O próprio esforço de guerra se nacionalizou, e os civis não apenas se tornaram combatentes à força (corretamente considerado, o alistamento obrigatório é uma forma de escravidão), como se tornaram vítimas diretas.
Dito de outra forma, os civis se tornaram alvo dos esforços de guerra tanto do governo inimigo quanto de seu próprio governo.
Usando a imprensa
Foi aí, por exemplo, que se percebeu a importância da propaganda de guerra, especialmente através da imprensa, a fim de unir a população contra o inimigo e fazer que ela aceite qualquer violação de seus direitos por seu próprio Estado.
Nisbet aponta a guerra entre os Estados como a origem, na sociedade americana, da politização à moda francesa. Não à toa, a imprensa da época é assim retratada por Philip Knightley em "The First Casualty" (editado no Brasil em 1978, com o título "A Primeira Vítima"):
"A maior parte dos correspondentes, de ambos os lados, via como parte integral de sua tarefa elevar o moral, tanto civil como militar. Uma escaramuça tornava-se 'uma vitória gloriosa e esmagadora', uma debandada era transformada em 'retirada estratégica diante de um inimigo grandemente superior', um soldado confederado morto não fora simplesmente liquidado em combate, mas 'sacrificado às ambições demoníacas de seus patrões implacáveis, Davis e Lee'; as mulheres confederadas tinham seus colares feitos com olhos de ianques, enquanto os 'maldosos nortistas' usavam cabeças de mortos como bolas de futebol."

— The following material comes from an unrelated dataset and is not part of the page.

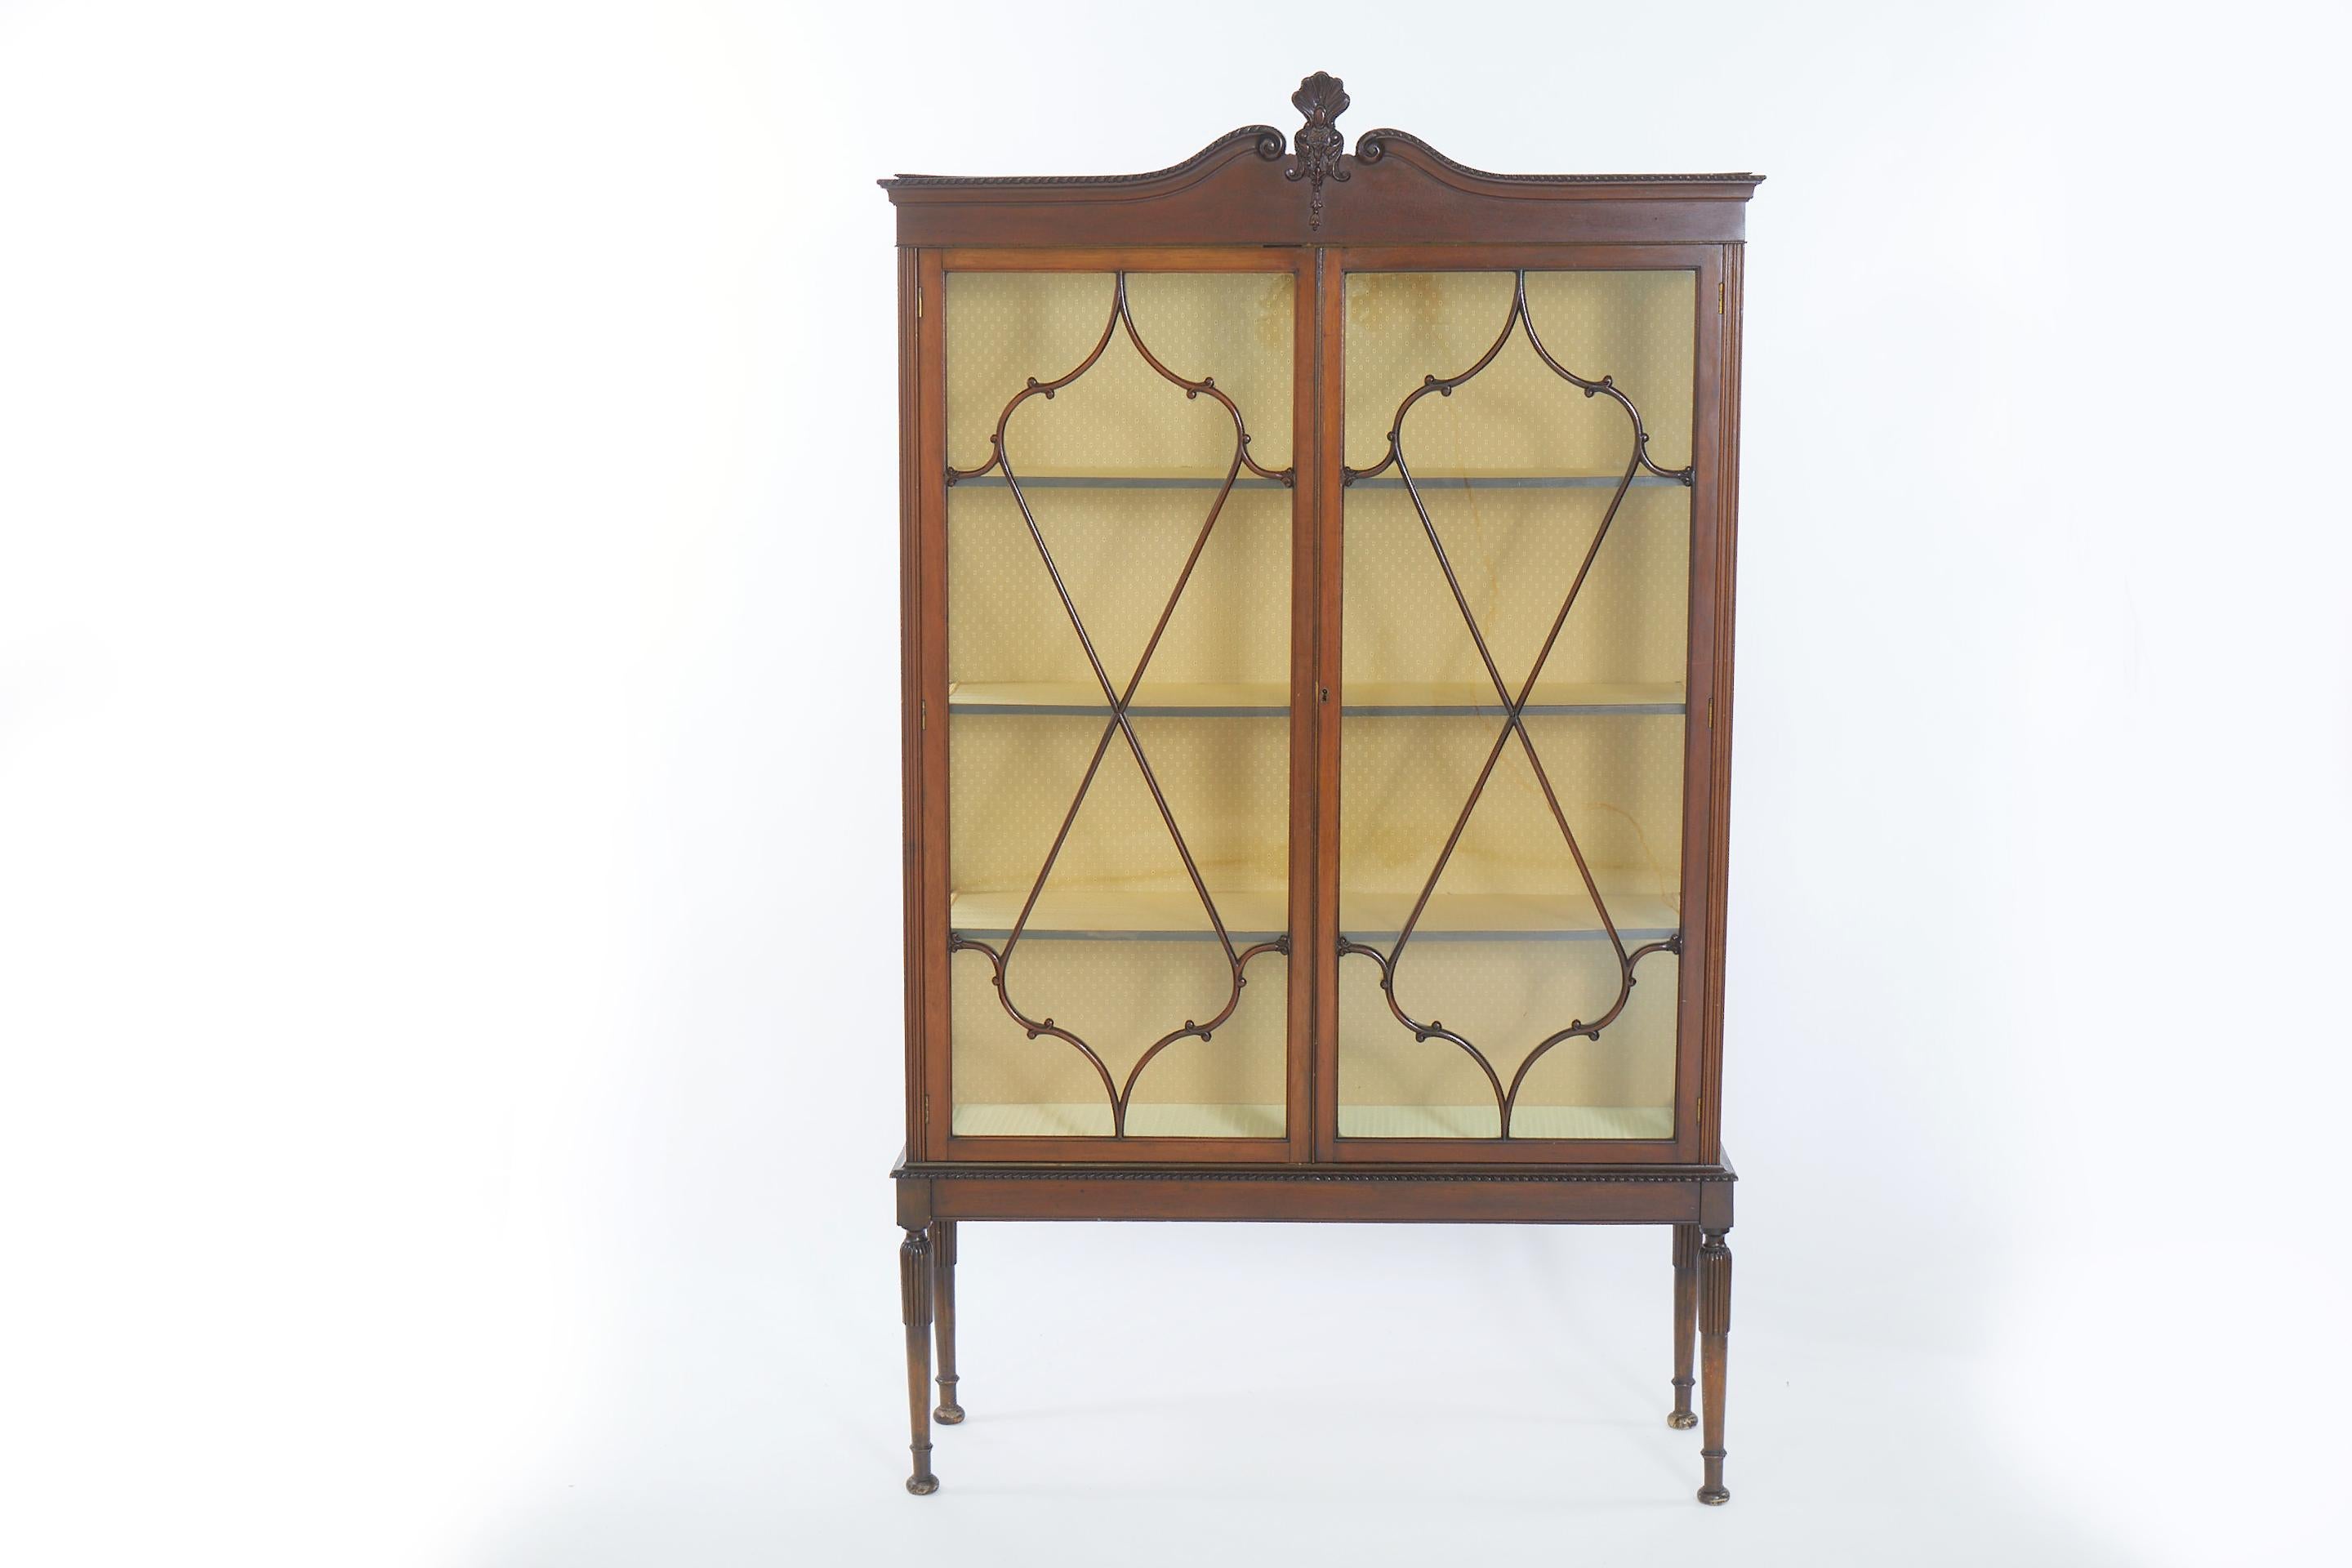 English Georgian style mahogany display china cabinet / bookcase . The cabinet features individual panes of glass, pencil inlay, solid wood construction, beautiful wood grain, with two swing doors. The cabinet is in good antique condition with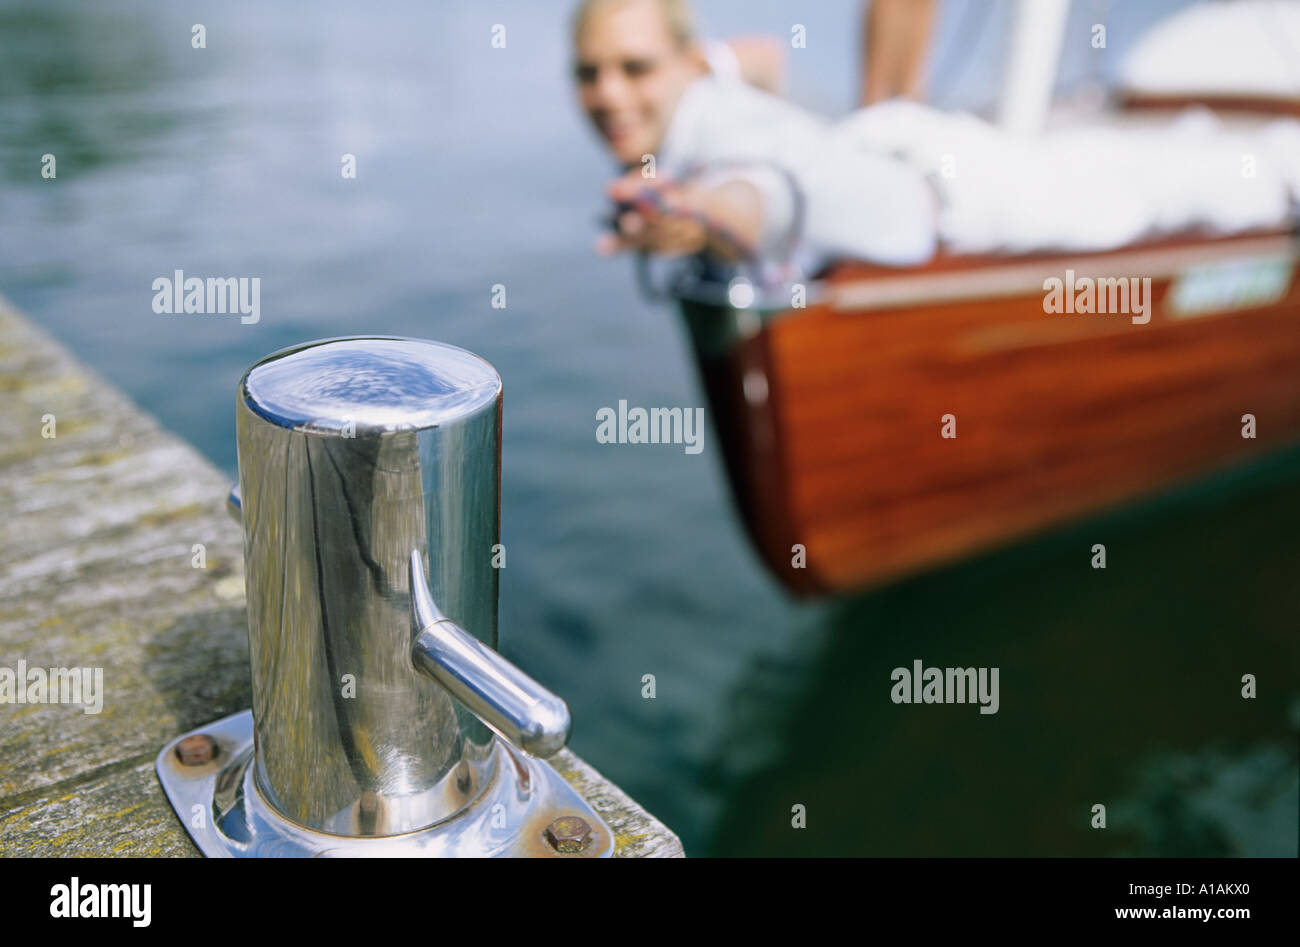 Woman on boat reaching out towards bollard on jetty Stock Photo

A politização se agravaria durante a Primeira Guerra Mundial, quando Wilson implantou efetivamente um Estado policial, e quando a história preferida da imprensa britânica era a dos soldados alemães que jogavam bebês belgas para o ar e os pegavam com a ponta de suas baionetas.
Na guerra atual contra o Afeganistão (ou contra os árabes, como desejam os setores mais insanos do neoconservadorismo), Knightley nota, em artigo no Guardian, que já é possível identificar os traços característicos de manipulação da imprensa: as histórias de atrocidades, a demonização do inimigo e do povo inimigo, a caracterização dos pacifistas como defensores do inimigo (estes, na Primeira Guerra, foram postos na cadeia nos EUA).
Um homem de seu tempo
Infelizmente, há um traço ainda mais característico das guerras modernas na guerra atual. É que bin Laden acredita na mesma doutrina de guerra legada pela revolução francesa e praticada pelos americanos, a doutrina da guerra total. Não apenas ele deliberadamente elaborou um plano para o assassinato de civis americanos, como ele proclama todos os cidadãos muçulmanos a declarar guerra aos EUA - inclusive as mulheres (aquelas mesmas que, no Afeganistão, não podem nem entrar nas escolas).
Muito se fala do antimodernismo de bin Laden, como se ele fosse um representante de um tempo pretérito, mais bárbaro do que o nosso. Besteira. Em sua doutrina de guerra, ele está inteiramente inserido na modernidade e é, também, um herdeiro da Revolução Francesa.
Ele é parte dessa "civilização" que sonha com o Estado onipotente, que não distingue entre governo e sociedade, entre combatentes e não-combatentes, entre civis e militares, essa civilização que criou os bombardeios aéreos, a bomba atômica e os atentados terroristas.
Comentando seu filme, Eric Rohmer disse que a Revolução acabou com a vida civilizada e elegante. Num ponto ele tem razão: vivemos, com efeito, em tempos de barbárie.